The paper’s critic, R.E.A., was among those present on the first night. “It is different,” began the review, “not only as American entertainment, but as ballet.

“The choreographic art the company has devised is something that seems to owe as much to the African ancestry of the dancers as to the European ballet tradition they have assimilated, and, while the coalescence may not be complete, the result is something vital.”

In Harlot’s House, based on Oscar Wilde’s poem, and Raisin’ Cane, R.E.A. added, the choreographers “are so well-served by this agile, flashing-limbed miming company that the stories unfold themselves as clearly as they would by the spoken word”.

On the other hand, the Glasgow Herald’s critic, J.D., took the view that the company had been none too well served by its choreographers.

“The dancers themselves have talent ... but the material they have been provided with falls short of the ideal. Much of it was confusing in its jumble of styles, and sometimes it seemed to be filling in so many bars of music without any real objective in view.”

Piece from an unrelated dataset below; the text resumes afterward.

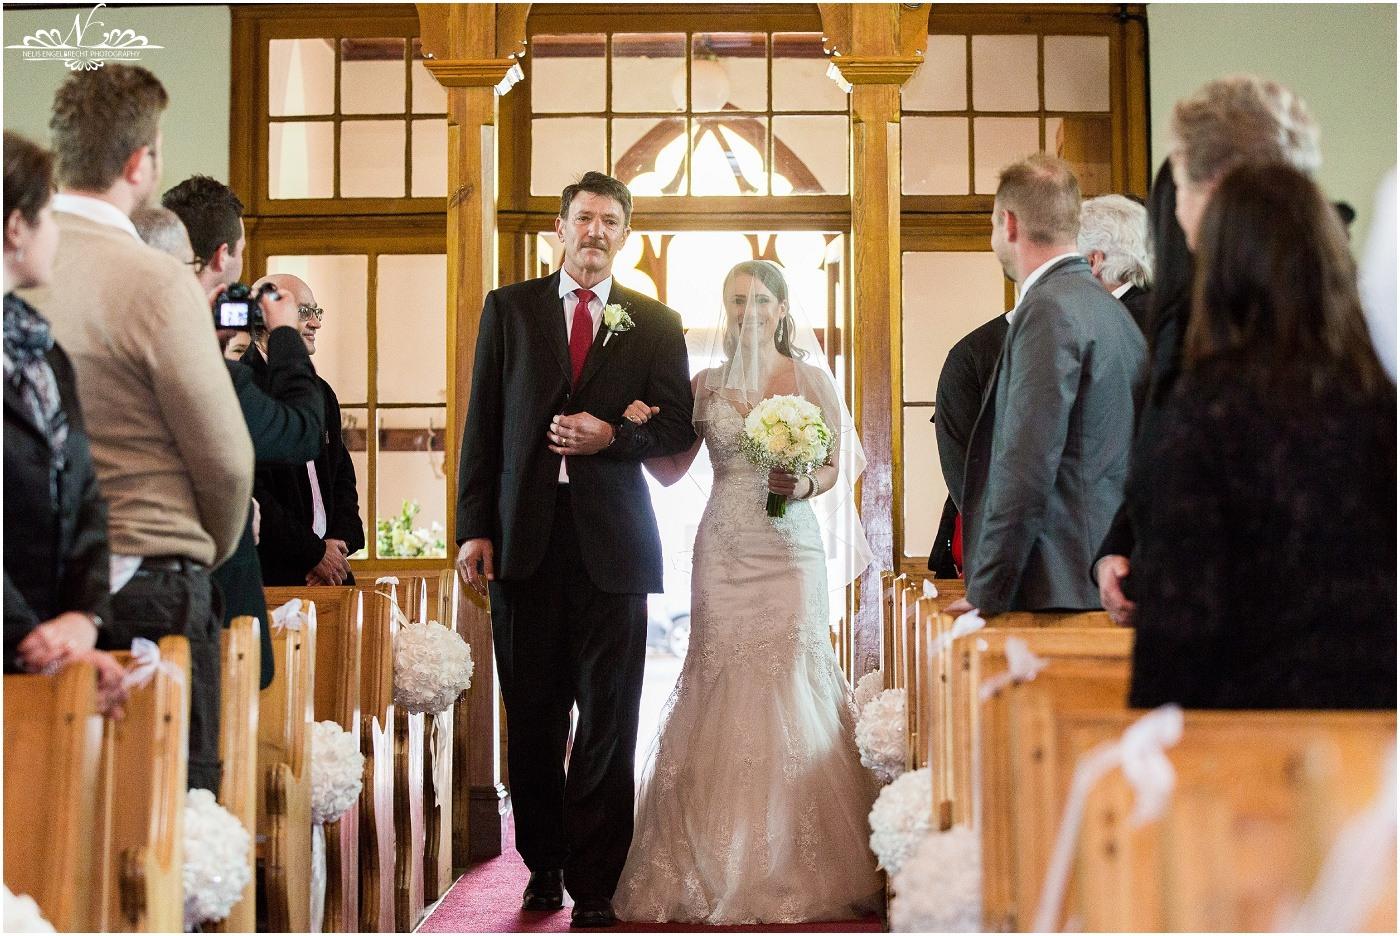 Eensgezind-Wedding-Photos-Nelis-Engelbrecht-Photography-058

The company was at its best in the brightly dressed Mardi Gras, “with a sparkling brilliance in their dancing to match the theme” and in Raisin’ Cain, “where they showed a fine aptitude for miming”.

The photograph shows two of the dancers, Elizabeth Thompson and Eugene Sagan, in a scene from Mardi Gras.

An online book search engine, incidentally, has details of a small card signed by 19 members of the company while on tour in Glasgow and London in 1957.

The explanatory text says the company, founded in 1954 with money from New England philanthropists and directed by the visionary dancer Ward Flemyng, was historically significant but short-lived, disbanding shortly after this tour.